Tuesday, September 09, 2008

Supari's Conspiracy Theories

 

# 2288

 

 

 

 

Today Lisa Schnirring of CIDRAP News gives us a detailed look at some of the conspiracy theories being openly espoused by Indonesia's Health Minister, Siti Fadilah Supari.

 

 

Minister Supari apparently believes that the west (that's us) routinely create and release deadly viruses to plague the inhabitants of poorer nations, just so we can sell them expensive vaccines and medicines.  

 

Supari is using her beliefs to justify, in part, her decision not to release H5N1 virus samples to world health authorities.  

 

 

 

I've just included the opening few paragraphs to Lisa's report.

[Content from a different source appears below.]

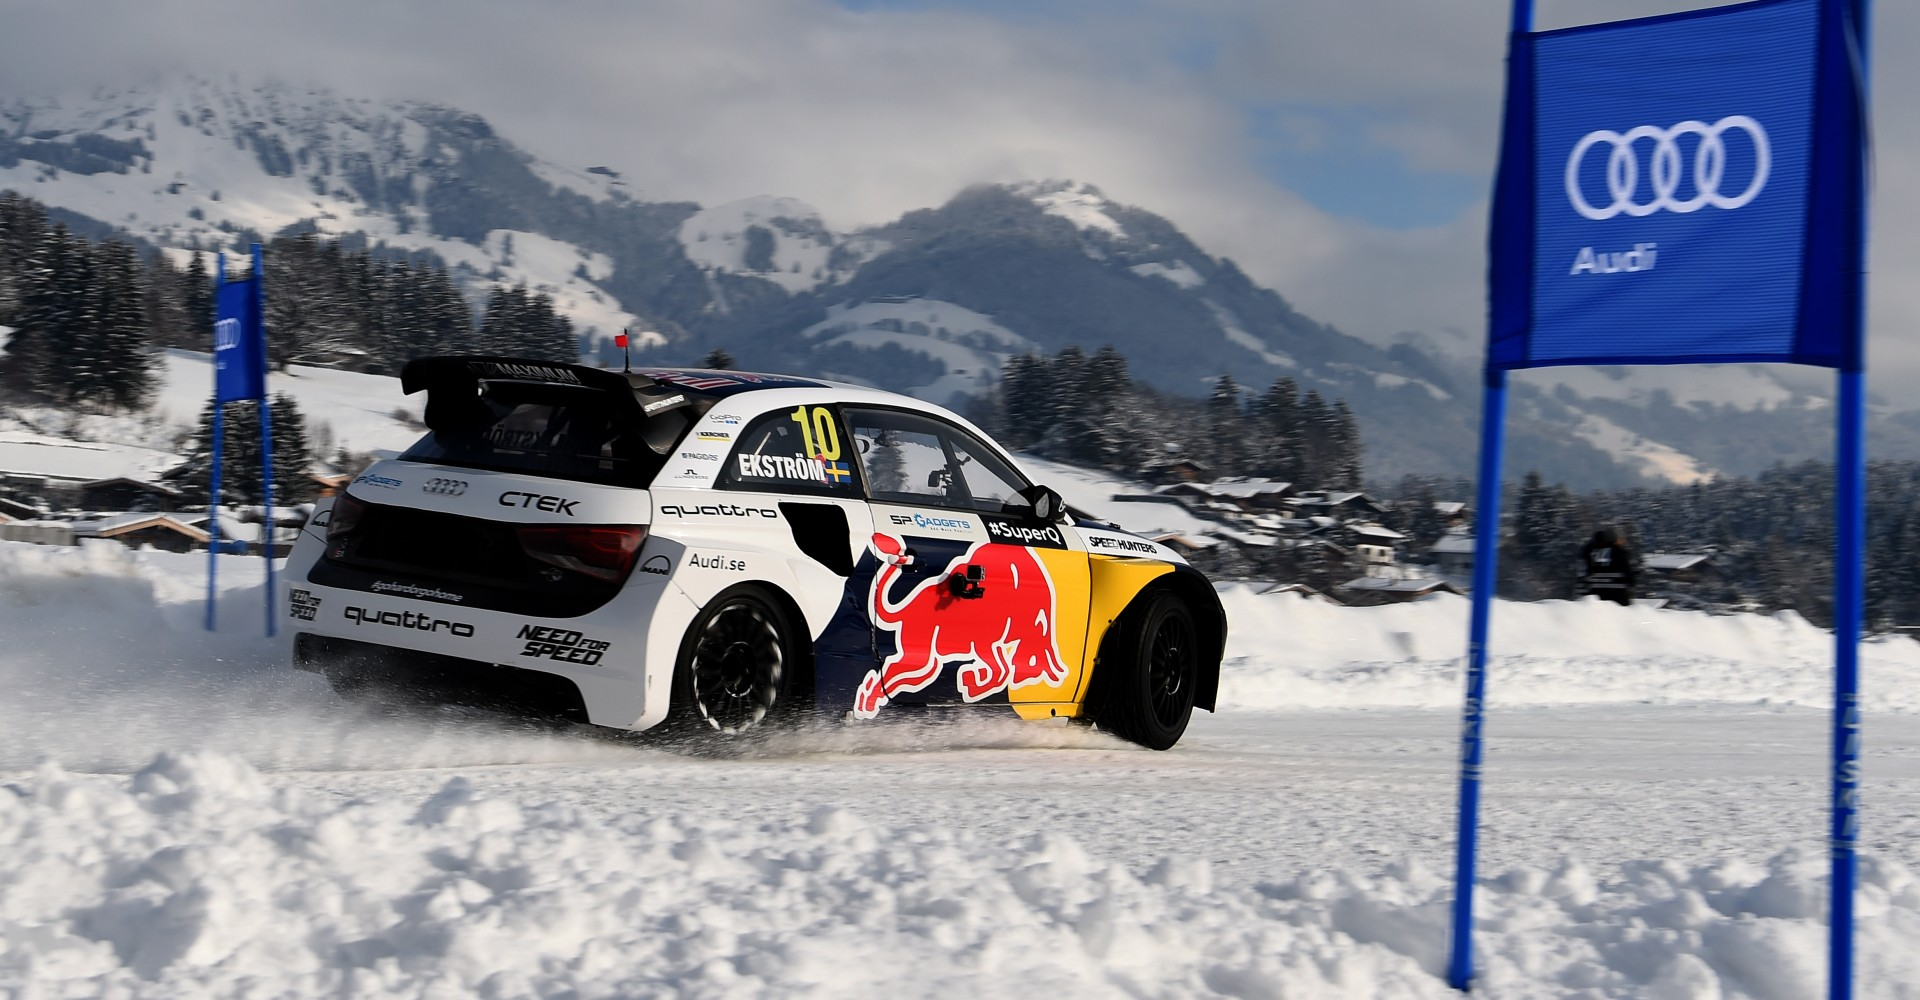 Audi Takes To Alpine Slopes In Copycat Snow-Driving Stunt

As always with CIDRAP reporting, it is well worth your time to follow the link to read the entire article.

 

 

 

Supari accuses rich nations of creating viruses for profit

 

Lisa Schnirring * Staff Writer

 

Sep 8, 2008 (CIDRAP News) – Indonesian health minister Siti Fadilah Supari, who is at the center of an international controversy over sharing of H5N1 avian influenza virus samples, recently claimed that developed countries are creating new viruses as a means of building new markets for vaccines, according to an Agence France-Presse (AFP) report.

 

 

In February, Supari published a 182-page book titled Time for the World to Change: God is Behind the Avian Influenza Virus, which alleges that the United States intended to produce a biological weapon with the H5N1 virus and the World Health Organization (WHO) was conspiring to profit from H5N1 vaccines.

 

 

At a recent book discussion, Supari told the crowd that wealthy nations are creating "new viruses" that are meant to infect people in poorer nations in order to help drug companies sell more vaccines, according to a Sep 7 AFP report.

 

 

"The conspiracy between superpower nations and global organizations isn't a theory, isn't rhetoric, but it's something I've experienced myself," Supari told the crowd, according to AFP.

 

 

In early 2007 Indonesia announced that it had stopped sharing H5N1 virus samples with the WHO. The country based its action on what it saw as a lack of access to pandemic vaccines that are produced by pharmaceutical companies in developed nations from the shared samples.